▶ **REQUIRED WORK**: When you write out the listing below, keep each word exactly as it stands and drop the pictures.

▶ **SUPPLIED DATA**:
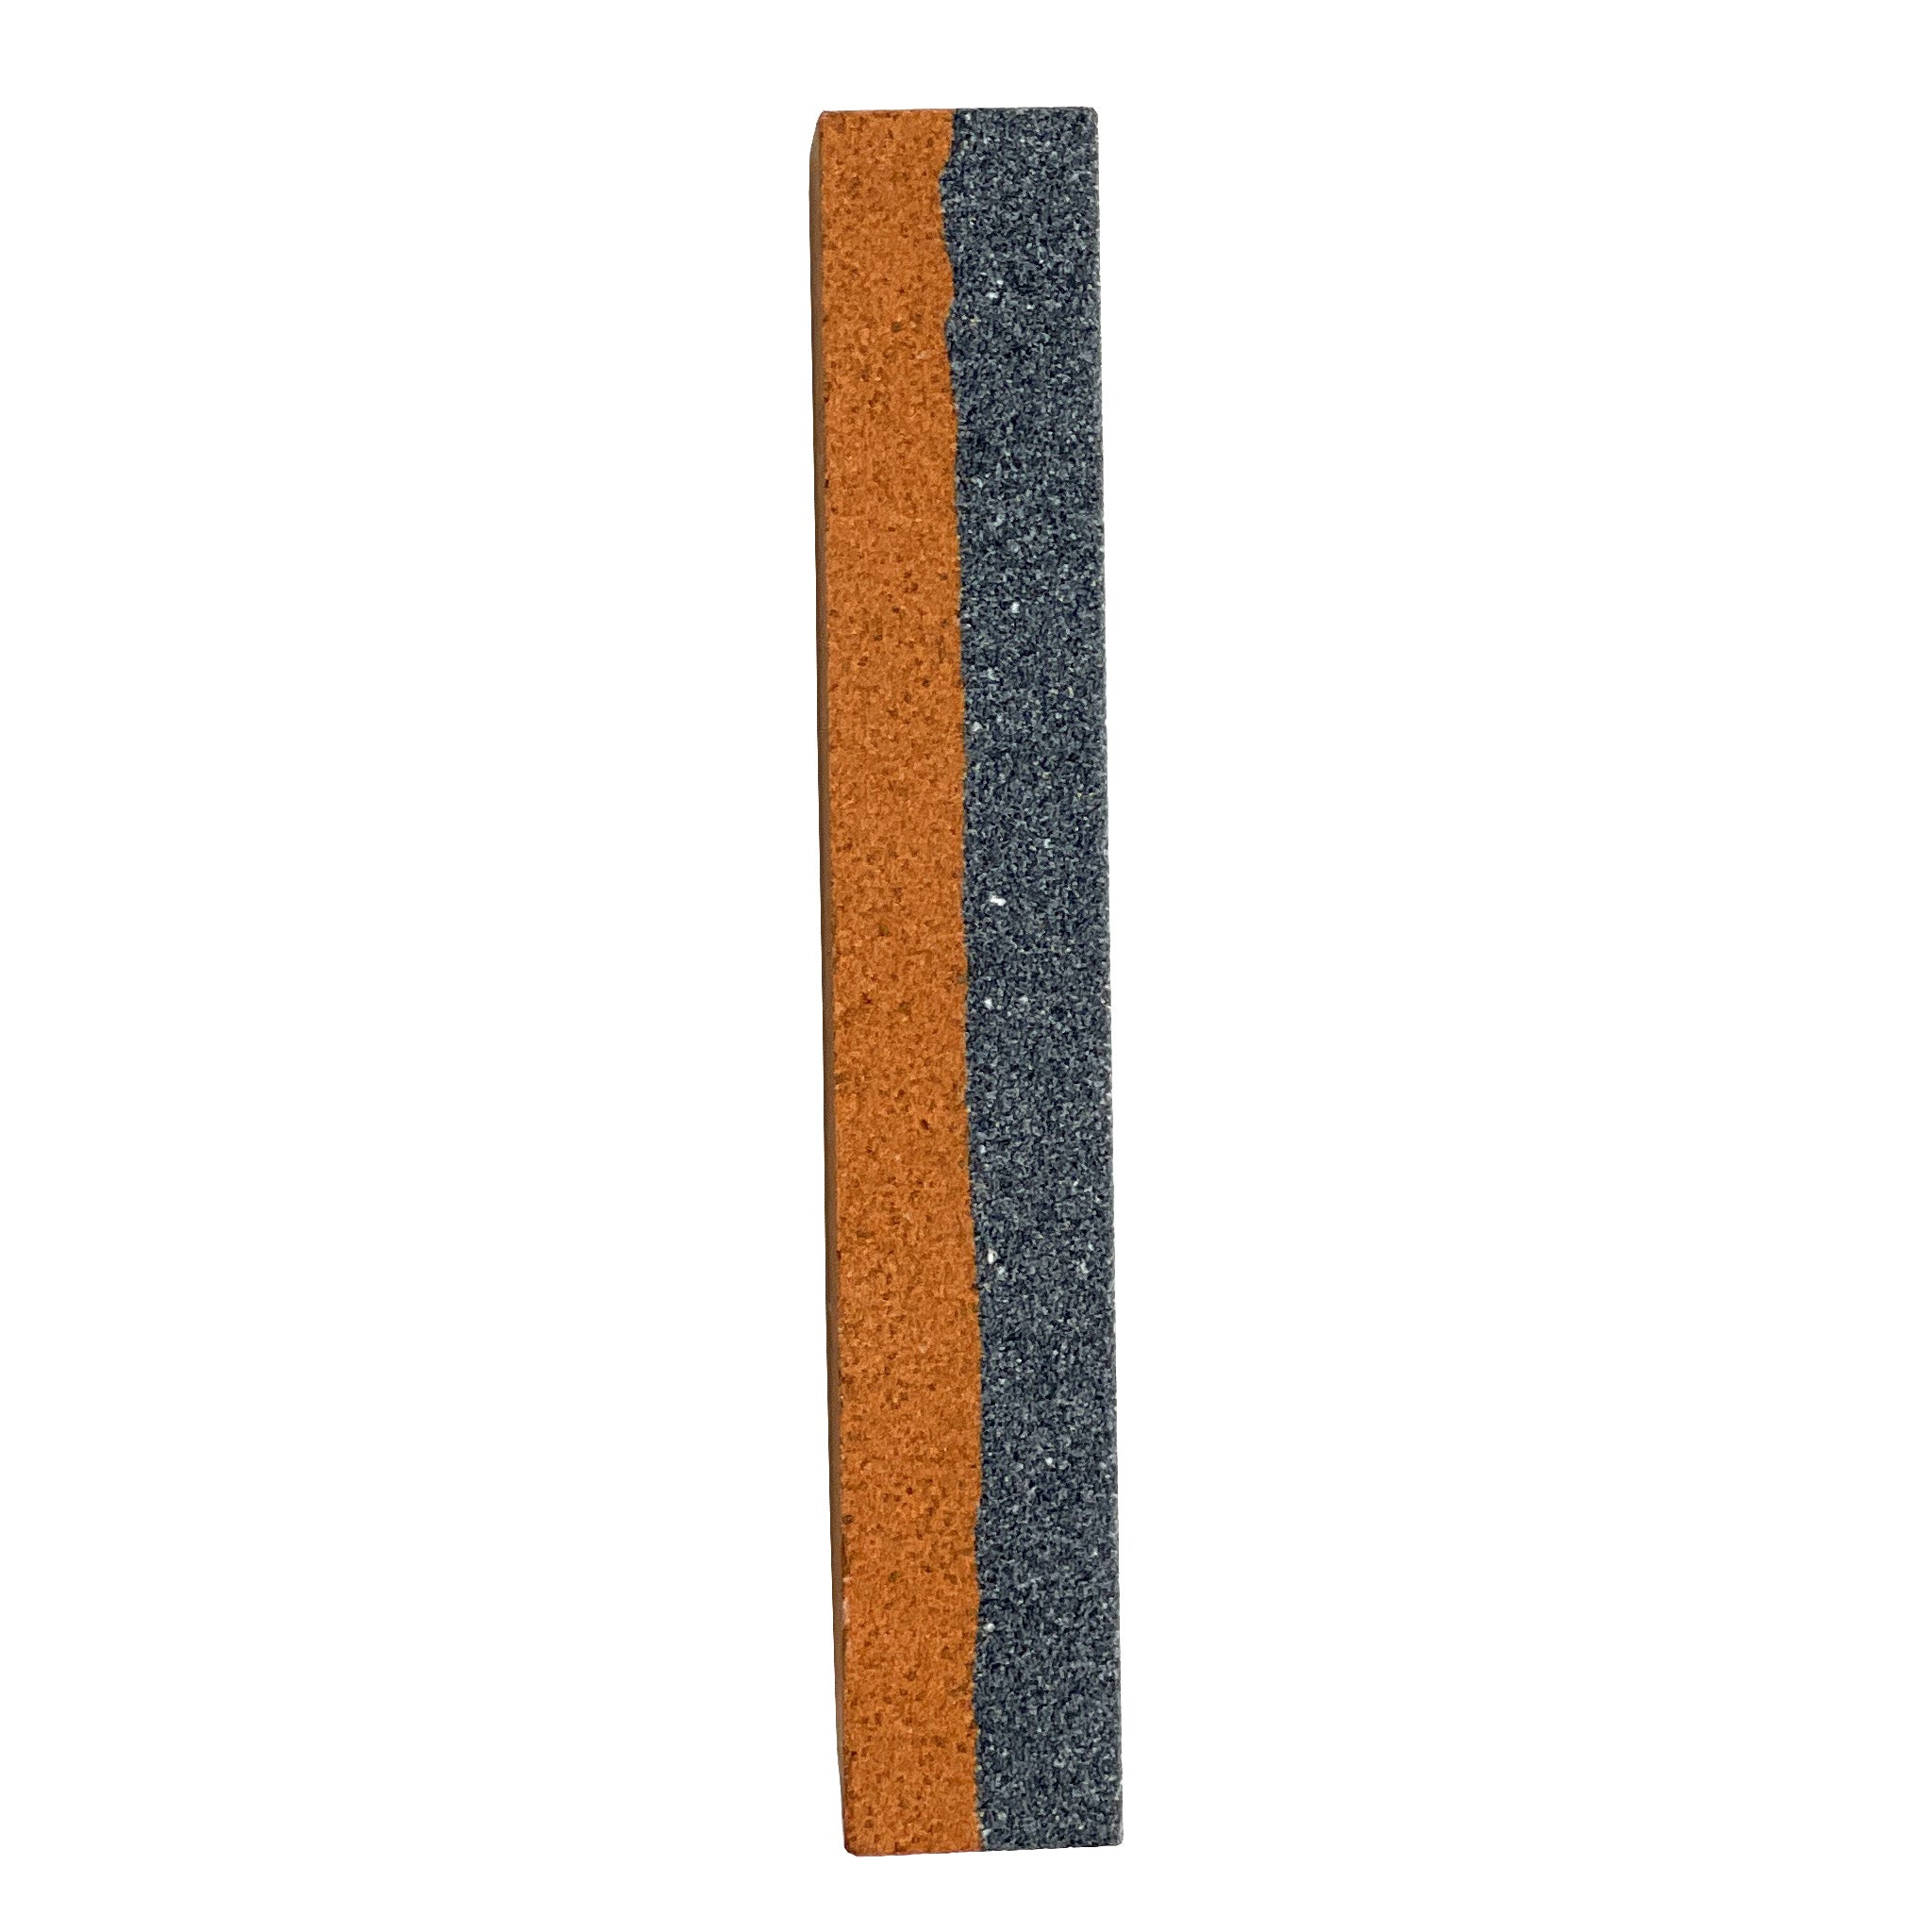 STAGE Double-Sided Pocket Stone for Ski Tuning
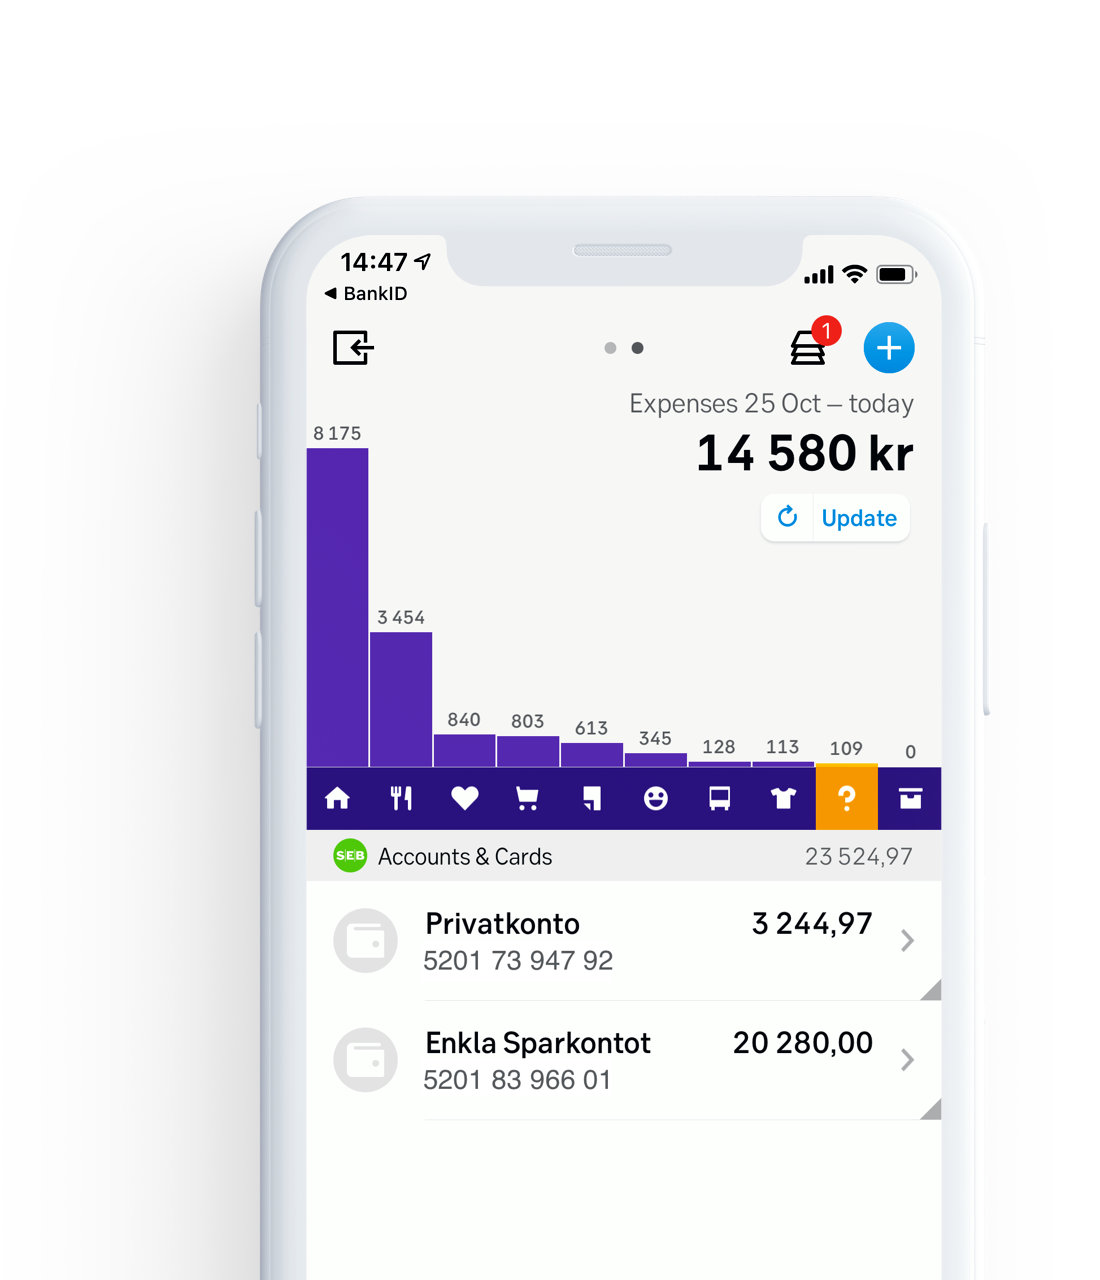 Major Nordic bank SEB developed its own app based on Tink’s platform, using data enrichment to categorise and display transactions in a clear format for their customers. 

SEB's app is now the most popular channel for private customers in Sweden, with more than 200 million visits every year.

▶ **WORKED SOLUTION**:
 STAGE Double-Sided Pocket Stone for Ski Tuning
 Major Nordic bank SEB developed its own app based on Tink’s platform, using data enrichment to categorise and display transactions in a clear format for their customers. 

SEB's app is now the most popular channel for private customers in Sweden, with more than 200 million visits every year.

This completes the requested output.